=== DATASET CONTENT ===

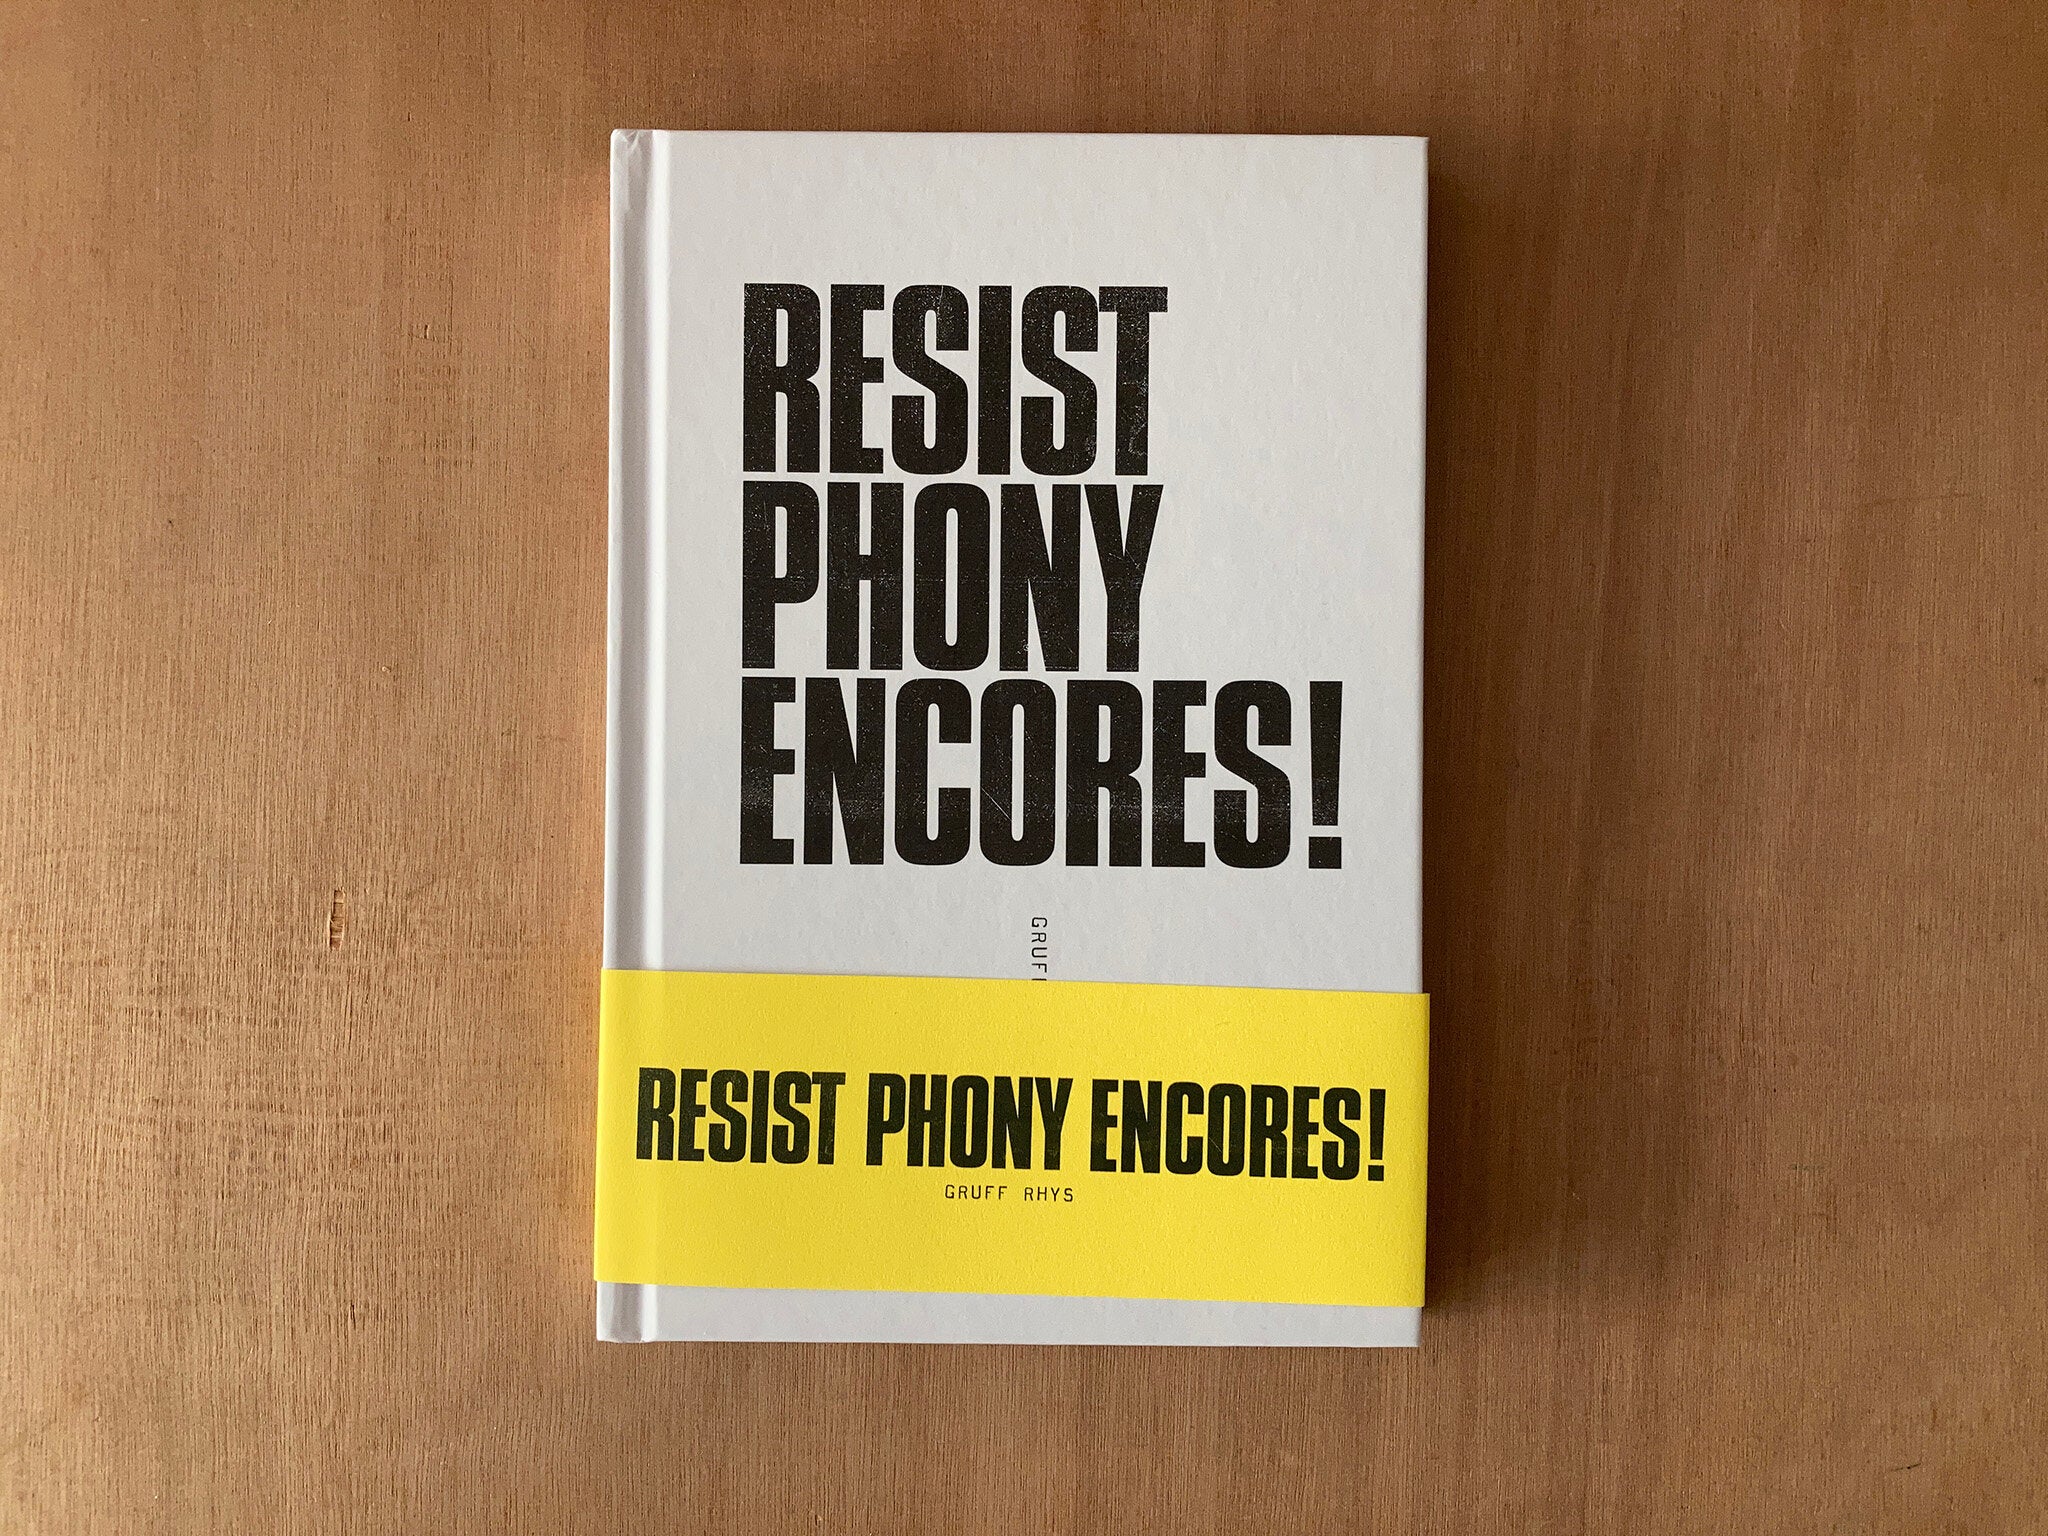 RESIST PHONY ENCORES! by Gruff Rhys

===
=== DATASET CONTENT ===

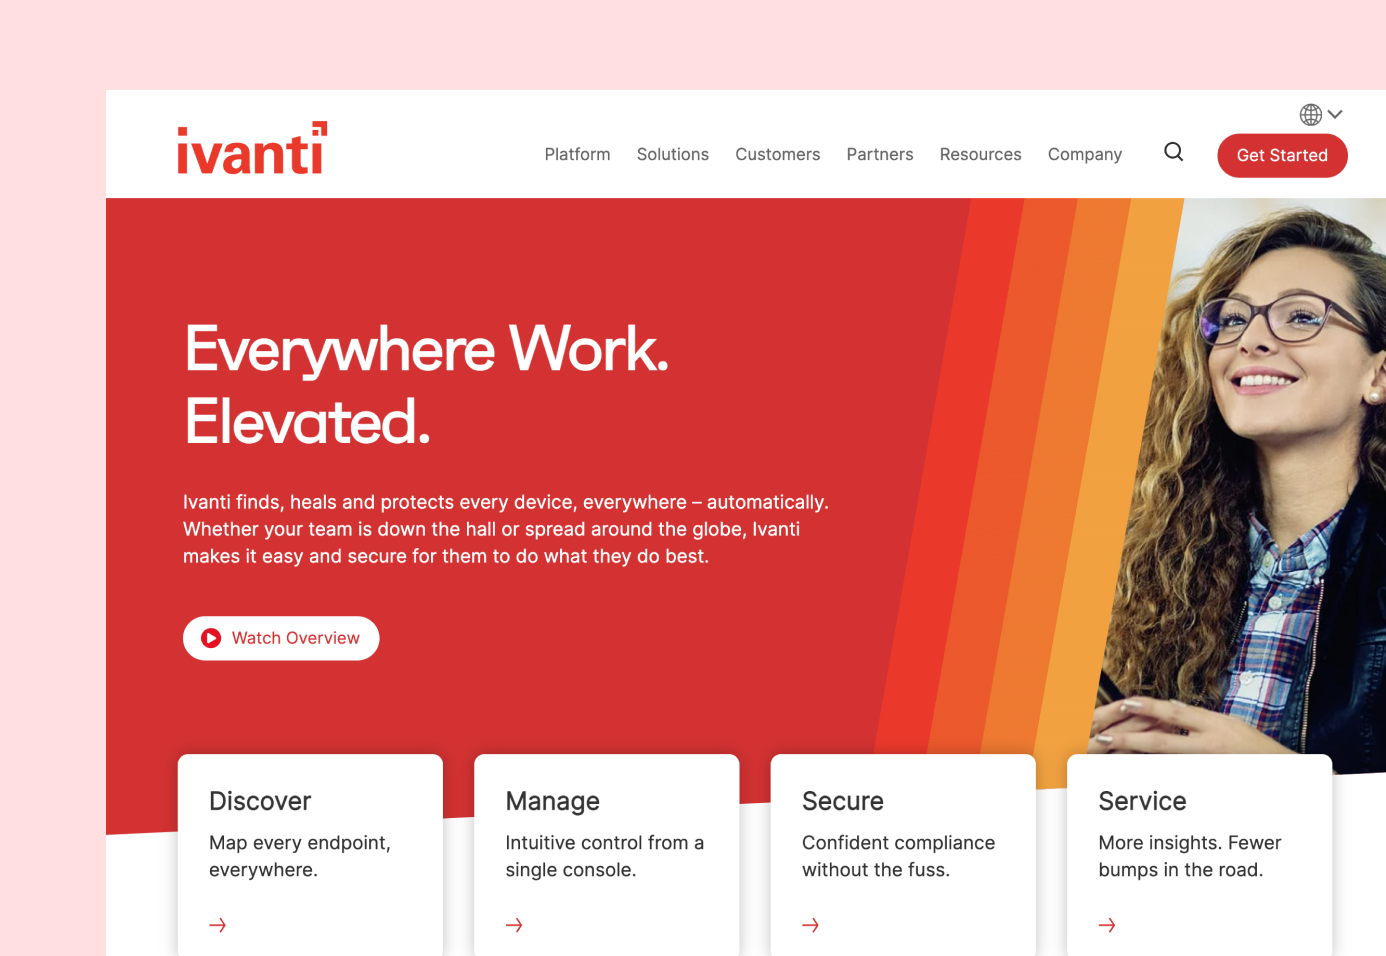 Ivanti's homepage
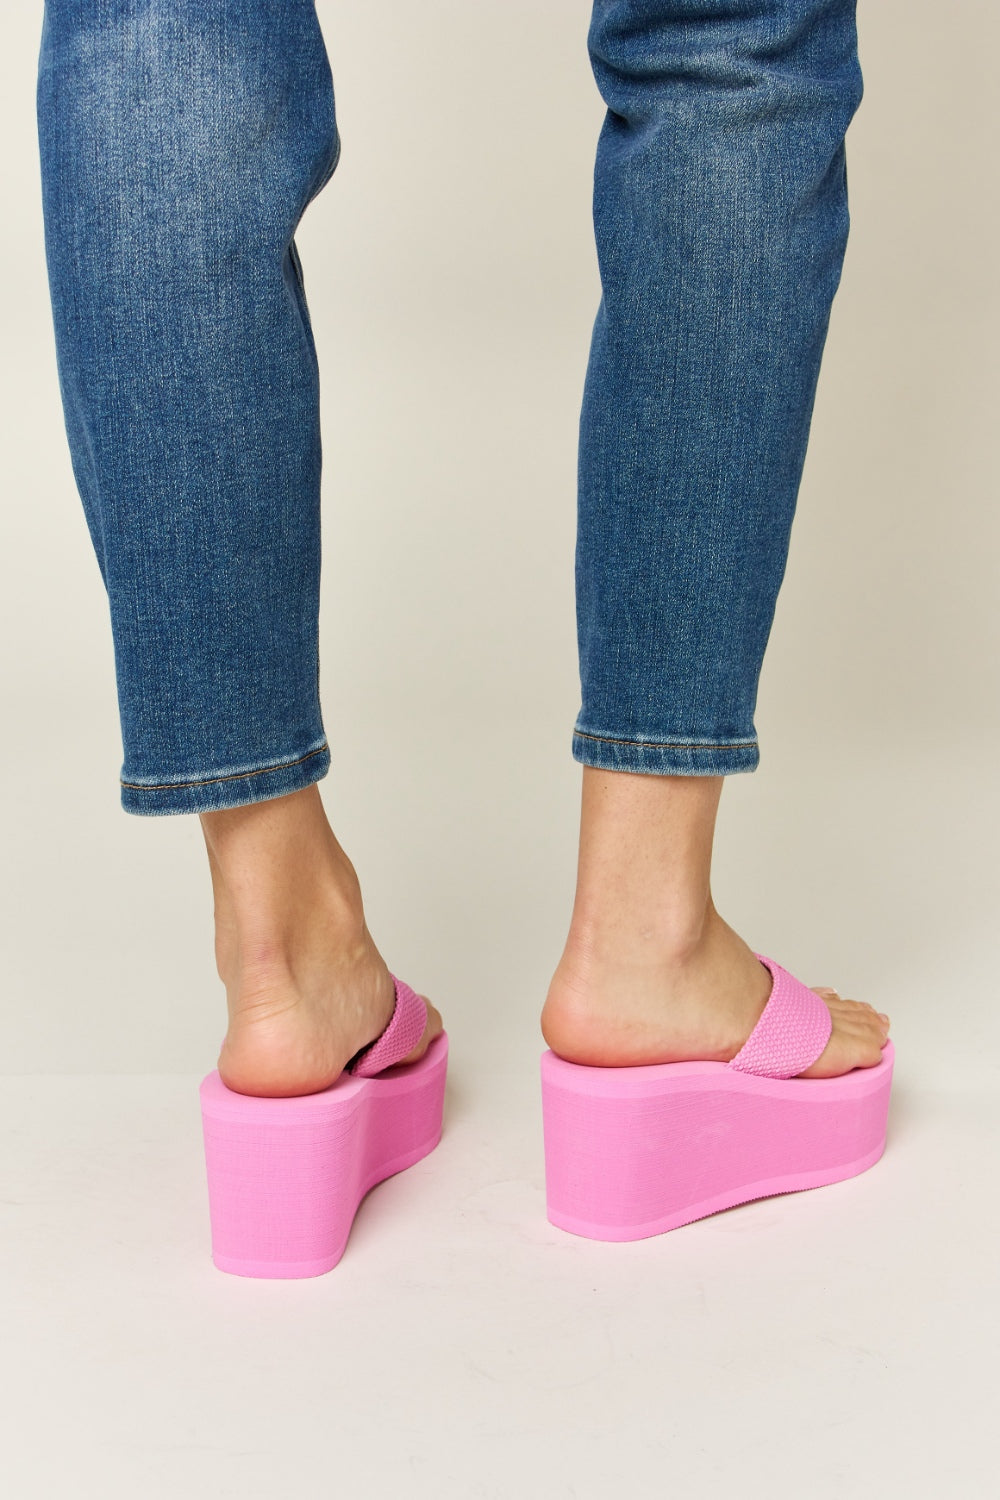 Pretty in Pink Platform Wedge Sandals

===

__WHAT YOU NEED TO DO__
Only one stretch of the material above is wanted: the line containing "Ivanti's homepage" through the line containing "Pretty in Pink Platform Wedge Sandals". Restate it word for word, minus the pictures.

__RESULT OF THIS EXERCISE__
 Ivanti's homepage
 Pretty in Pink Platform Wedge Sandals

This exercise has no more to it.